Many of these players are, more or less, in the forefront of the healthcare ecosystem. Capsule, an online pharmacy offering same day delivery in New York City, raised $200 million in September to expand its service across the U.S., the largest of the U.S. digital-health funding deals on the private market, according to Startup Health. (The biggest outside the U.S. was population-health company Babylon Health’s $550 million raise.)
Capsule enables patients to gain access to care while also empowering them to get their medications. The deal constituted the lion’s share of $420 million invested last quarter into health innovation companies with a focus on patient empowerment, a category which Startup Health defines as any type of technology that enables a patient to improve their own health.
That level of investment shows “the soul of the health revolution—the patient—is still a market priority,” according to the group’s third-quarter funding report.
The fact that $420 million was invested within that space “is fantastic,” added Polina Hanin, portfolio director at StartUp Health, “because [such companies] allow the patient to be much more proactive with their health.”
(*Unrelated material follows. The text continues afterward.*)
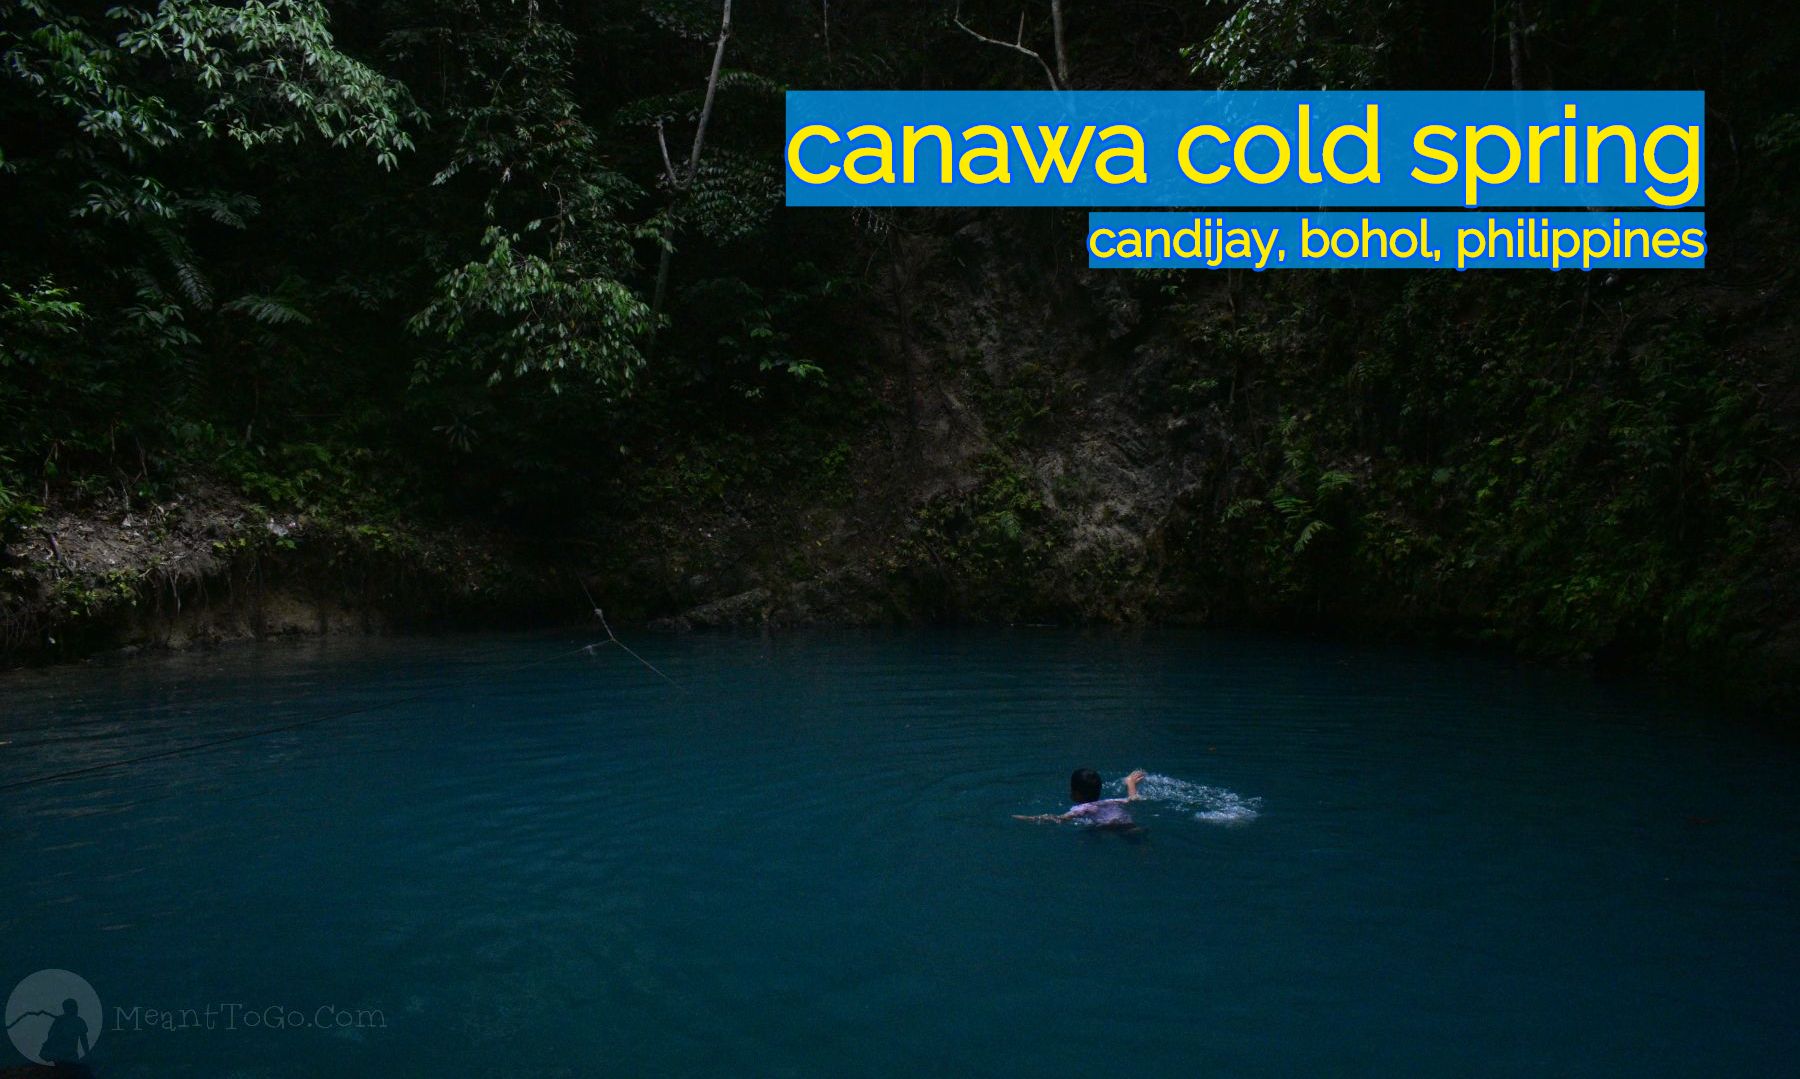 Canawa cold spring, bohol

The deal also put Capsule into contention with online pharmacy PillPack, which Amazon bought last year for just under $1 billion. Analysts expect Amazon to leverage this toehold to continue building out Rx licenses for PillPack’s pharmacy in all states where it’s not yet operating, although the company has hit some resistance from entrenched competitors.
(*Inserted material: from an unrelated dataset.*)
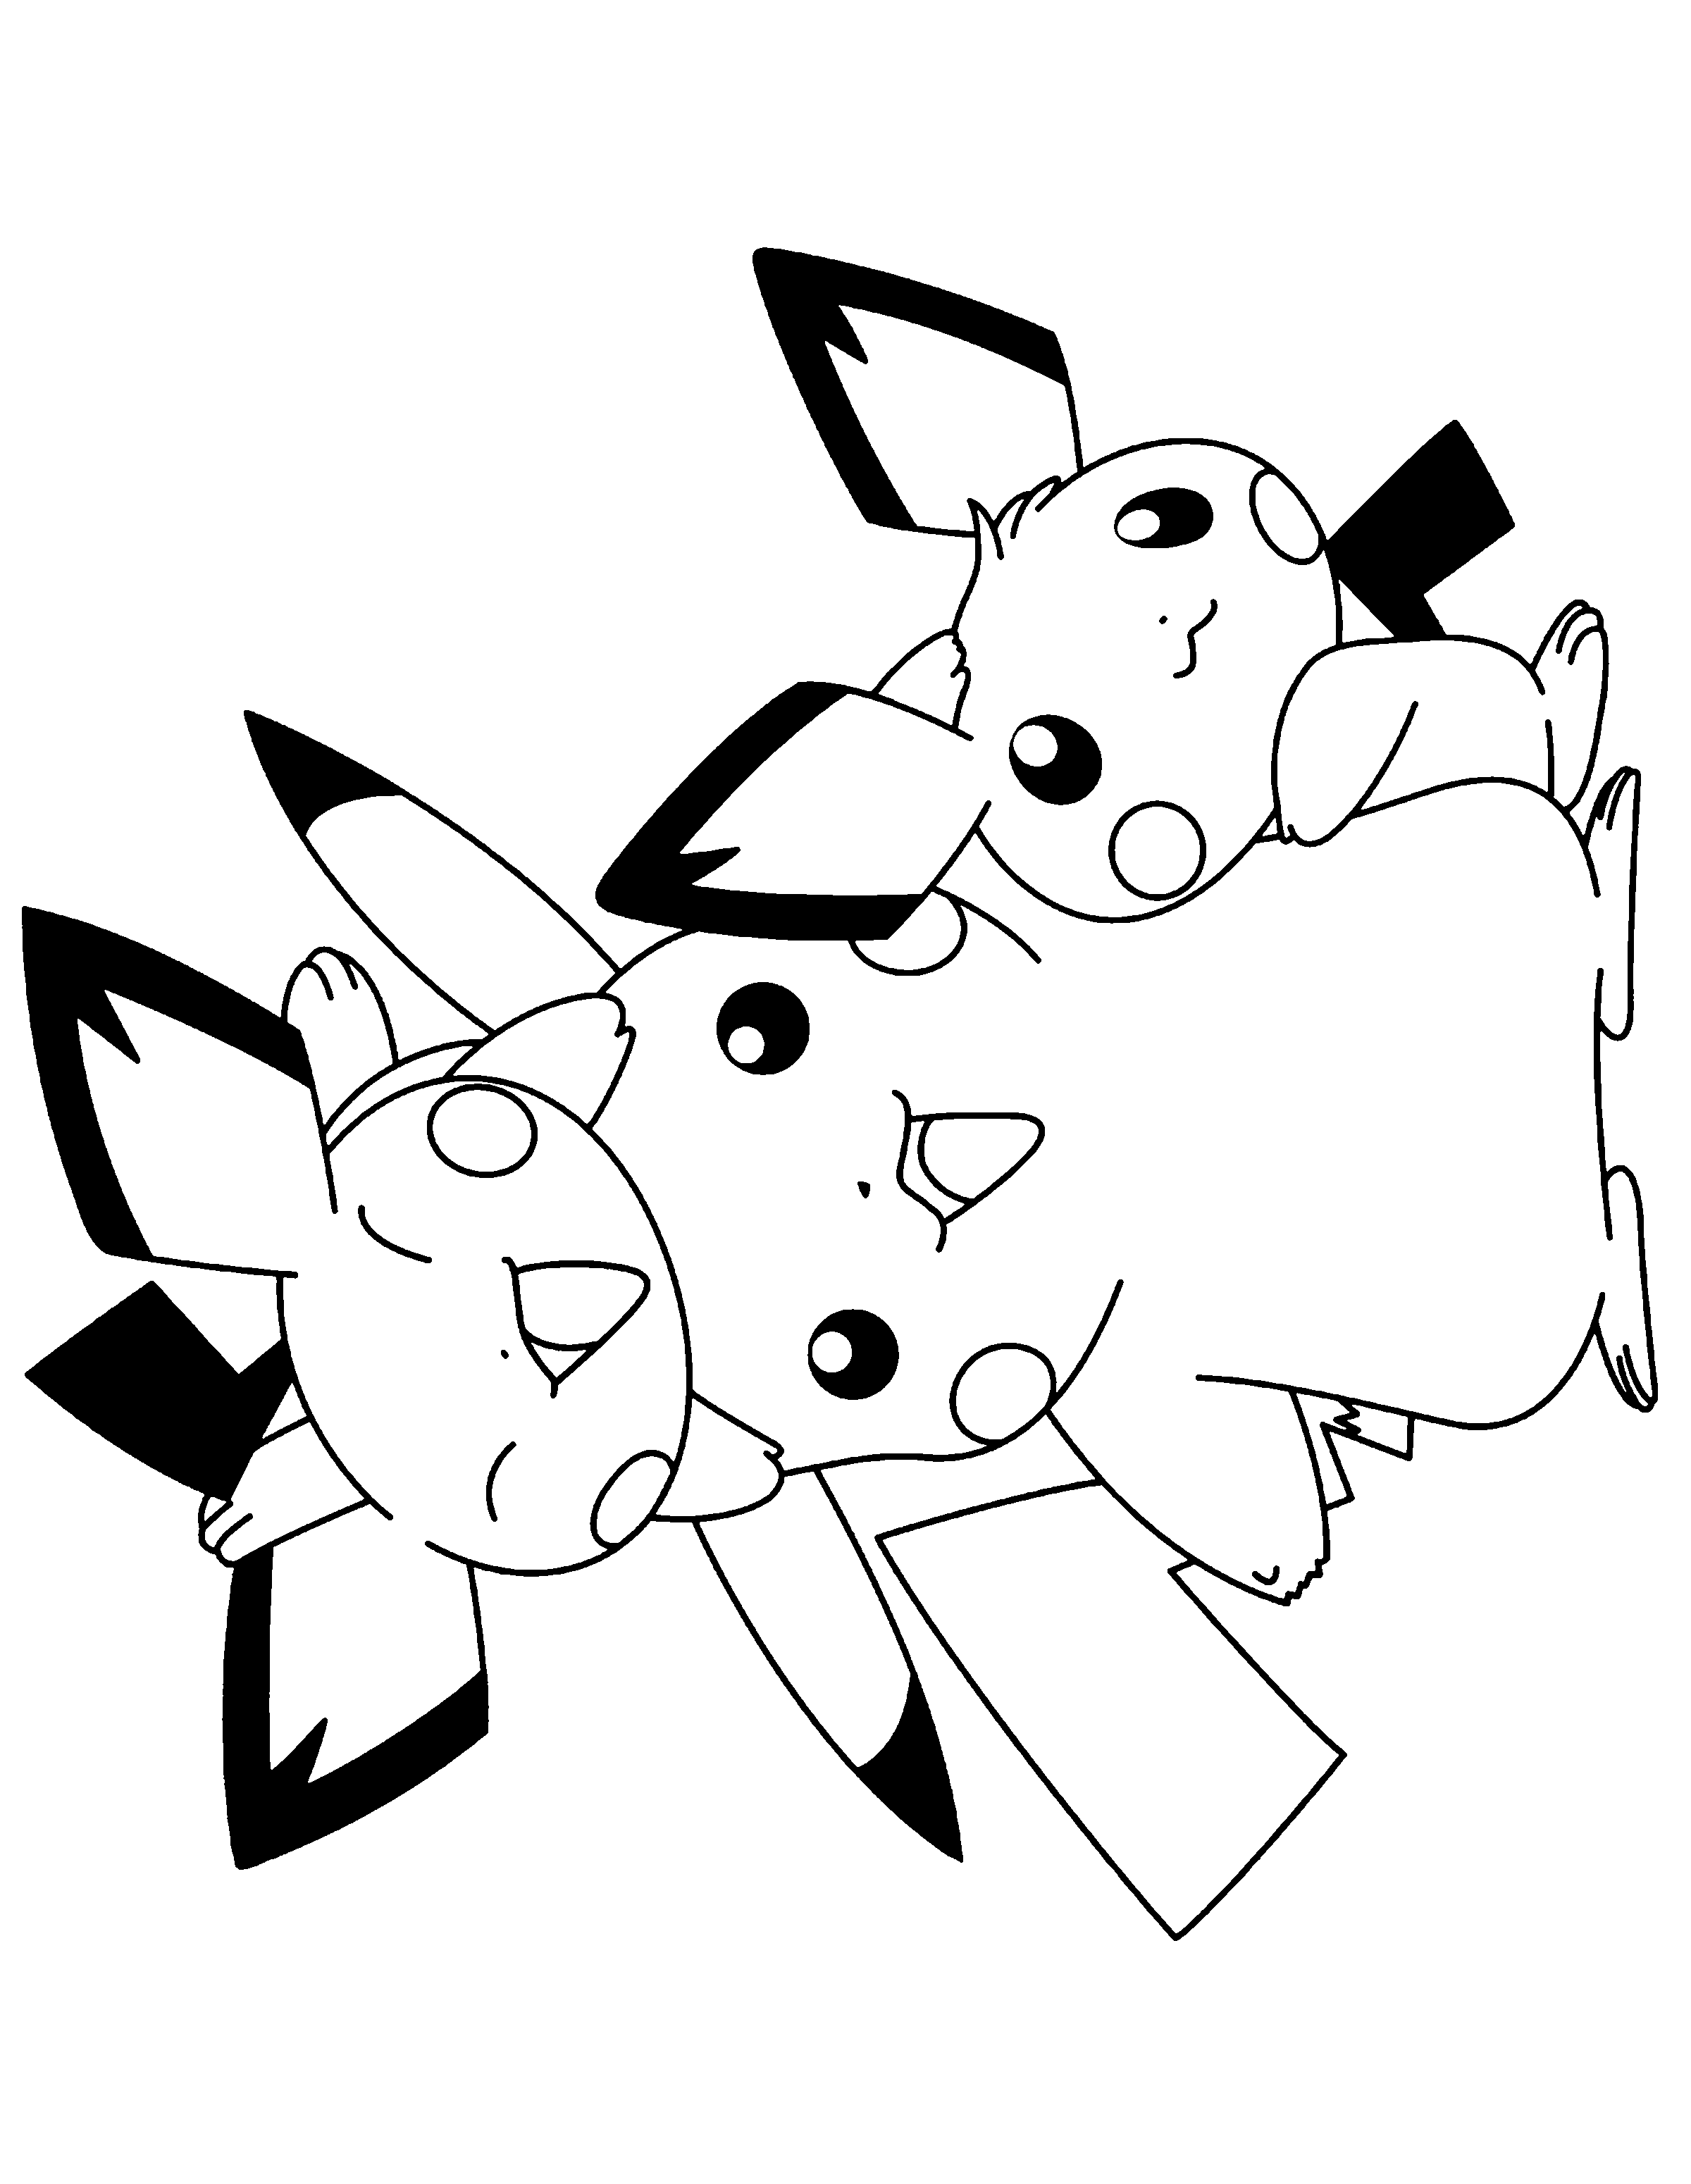 pixl-pokemon-colouring-pages

One of the other big investment areas of the third quarter, according to Startup Health, was women’s health. Over the course of this year, about $300 million has been invested in companies focused on this space, up 66% from the same time last year, with a 65% uptick in deal volume.
Top deals there include $52 million for Nurx, which offers online access to medical providers and home delivery of birth control, as well as home HPV testing and the HIV prevention medication PrEP; and $51 million raised by Pill Club, an online prescription and delivery service for birth control and contraceptives.
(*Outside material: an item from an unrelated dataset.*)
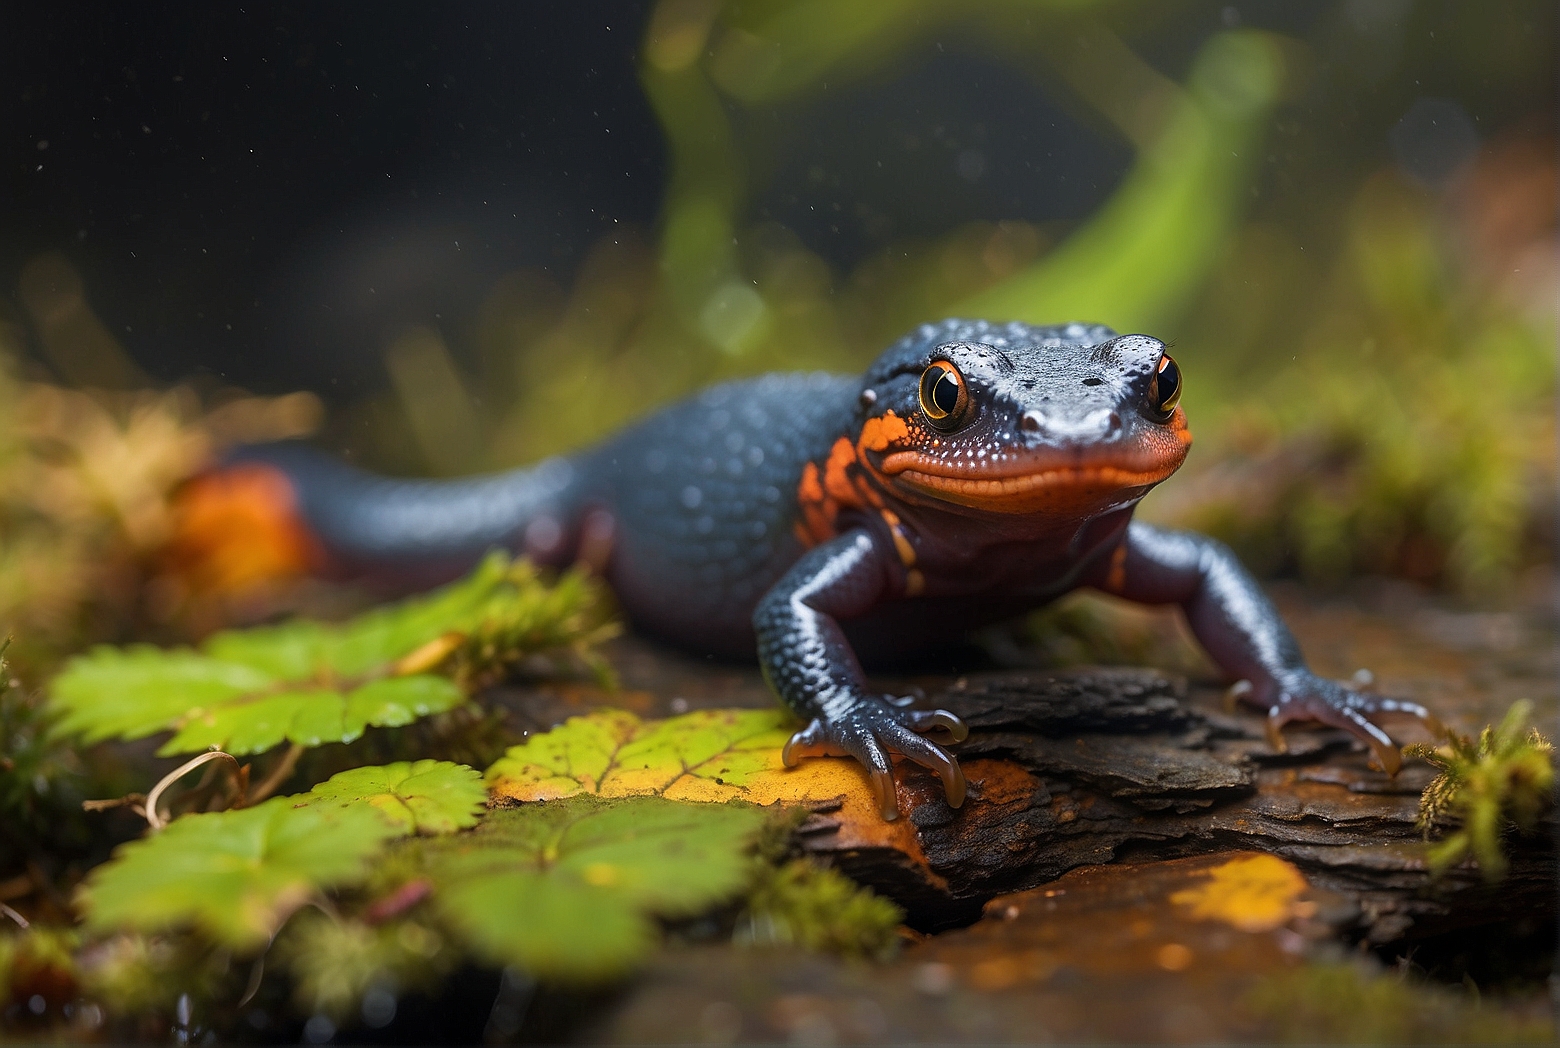 Basic Needs for Salamanders

It’s the second quarter in a row that women’s health has been one of the highest funded of Startup Health’s “moonshots,” 11 big health goals it’s identified. For now, deals involving women’s health are nowhere as large as those seen among firms seeking to boost access to care, who have raised $4.5 billion year-to-date, or among those in the “cost to zero” moonshot, who have attracted $3.5 billion in private equity or venture capital monies.
“It’s a pity,” said Hanin, “that there are not that many companies exclusively focused on women’s health, being that we’re 50% of the population.” Then again, the cost-to-zero and access-to-care companies are starting to incorporate women’s health into the way they deliver care. Ditto for some of the other less heavily funded moonshots.
“People are starting to see the power of collaboration and the fact that this is not a zero-sum game,” Hanin said. “There are so many challenges that we have yet to solve that, if we start to think of the future as bigger than our past and bigger than our present, then there’s going to be plenty of room for innovation to take hold.”